8

I have a string that looks like this:

0,0,1,2,4,5,3,4,6

What I want returned is a String[] that was split after every 3rd comma, so the result would look like this:

[ "0,0,1", "2,4,5", "3,4,6" ]

I have found similar functions but they don't split at n-th amount of commas.

VLAZ
  • 26,331
  • 9
  • 49
  • 67
knurb
  • 475
  • 1
  • 4
  • 14
  • 4
    Have you tried writing a function yourself to parse/split it? – Jashaszun Jul 26 '13 at 22:56
  • One approach that might be useful is to first change `0,0,1,2,4,5,3,4,6` into `0,0,1|2,4,5|3,4,6` which is a fairly simple regular expression replace translation. Or, just use a Matcher directly and walk it incrementally [as shown here](http://stackoverflow.com/a/1277171/2246674). – user2246674 Jul 26 '13 at 22:57
  • Two ways I can think of: use `indexOf` in a while loop or split on `,` and then glue the results back together again in groups of three. – flup Jul 26 '13 at 23:01

4 Answers4

23

NOTE: while solution using split may work (last test on Java 17) it is based on bug since look-ahead in Java should have obvious maximum length. This limitation should theoretically prevent us from using + but somehow \G at start lets us use + here. In the future this bug may be fixed which means that split will stop working.
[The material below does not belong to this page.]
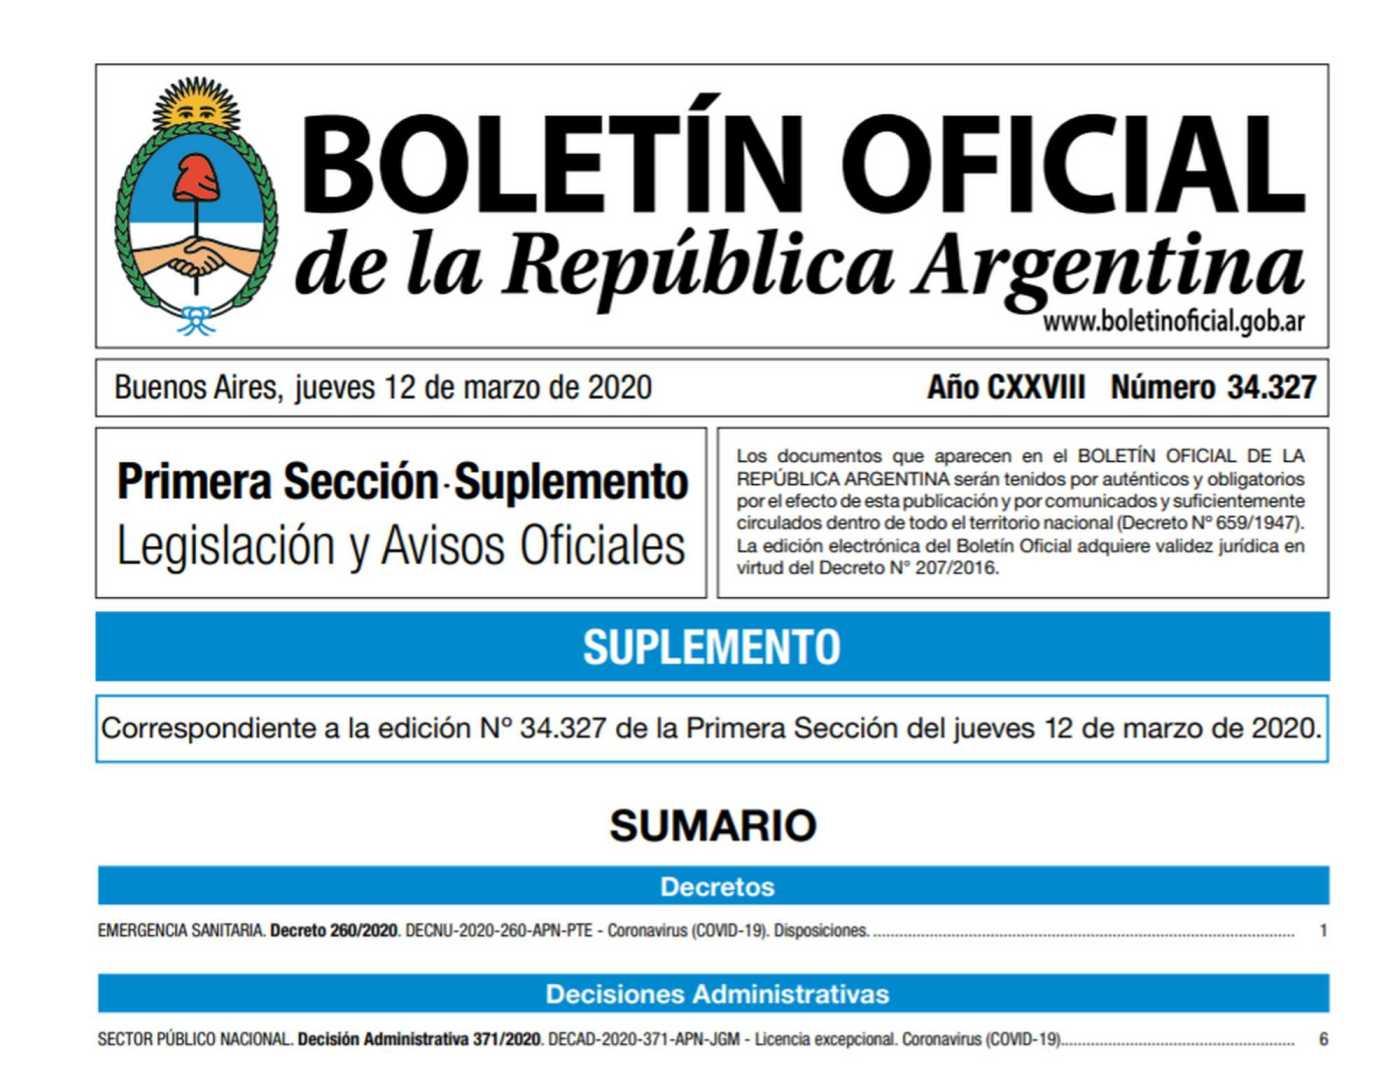 Coronavirus: Por el plazo de un año el Gobierno decretó la emergencia sanitaria en toda la Argentina

Safer approach would be using Matcher#find like

String data = "0,0,1,2,4,5,3,4,6";
Pattern p = Pattern.compile("\\d+,\\d+,\\d+");//no look-ahead needed
Matcher m = p.matcher(data);
List<String> parts = new ArrayList<>();
while(m.find()){
    parts.add(m.group());
}
String[] result = parts.toArray(new String[0]);

You can try to use split method with (?<=\\G\\d+,\\d+,\\d+), regex

Demo

String data = "0,0,1,2,4,5,3,4,6";
String[] array = data.split("(?<=\\G\\d+,\\d+,\\d+),"); //Magic :) 
// to reveal magic see explanation below answer
for(String s : array){
    System.out.println(s);
}

output:

0,0,1
2,4,5
3,4,6

Explanation

  • \\d means one digit, same as [0-9], like 0 or 3
  • \\d+ means one or more digits like 1 or 23
  • \\d+, means one or more digits with comma after it, like 1, or 234,
  • \\d+,\\d+,\\d+ will accept three numbers with commas between them like 12,3,456
  • \\G means last match, or if there is none (in case of first usage) start of the string
  • (?<=...), is positive look-behind which will match comma , that has also some string described in (?<=...) before it
  • (?<=\\G\\d+,\\d+,\\d+), so will try to find comma that has three numbers before it, and these numbers have aether start of the string before it (like ^0,0,1 in your example) or previously matched comma, like 2,4,5 and 3,4,6.

Also in case you want to use other characters then digits you can also use other set of characters like

  • \\w which will match alphabetic characters, digits and _
  • \\S everything that is not white space
  • [^,] everything that is not comma
  • ... and so on. More info in Pattern documentation

By the way, this form will work with split on every 3rd, 5th, 7th, (and other odd numbers) comma, like split("(?<=\\G\\w+,\\w+,\\w+,\\w+,\\w+),") will split on every 5th comma.

To split on every 2nd, 4th, 6th, 8th (and rest of even numbers) comma you will need to replace + with {1,maxLengthOfNumber} like split("(?<=\\G\\w{1,3},\\w{1,3},\\w{1,3},\\w{1,3}),") to split on every 4th comma when numbers can have max 3 digits (0, 00, 12, 000, 123, 412, 999).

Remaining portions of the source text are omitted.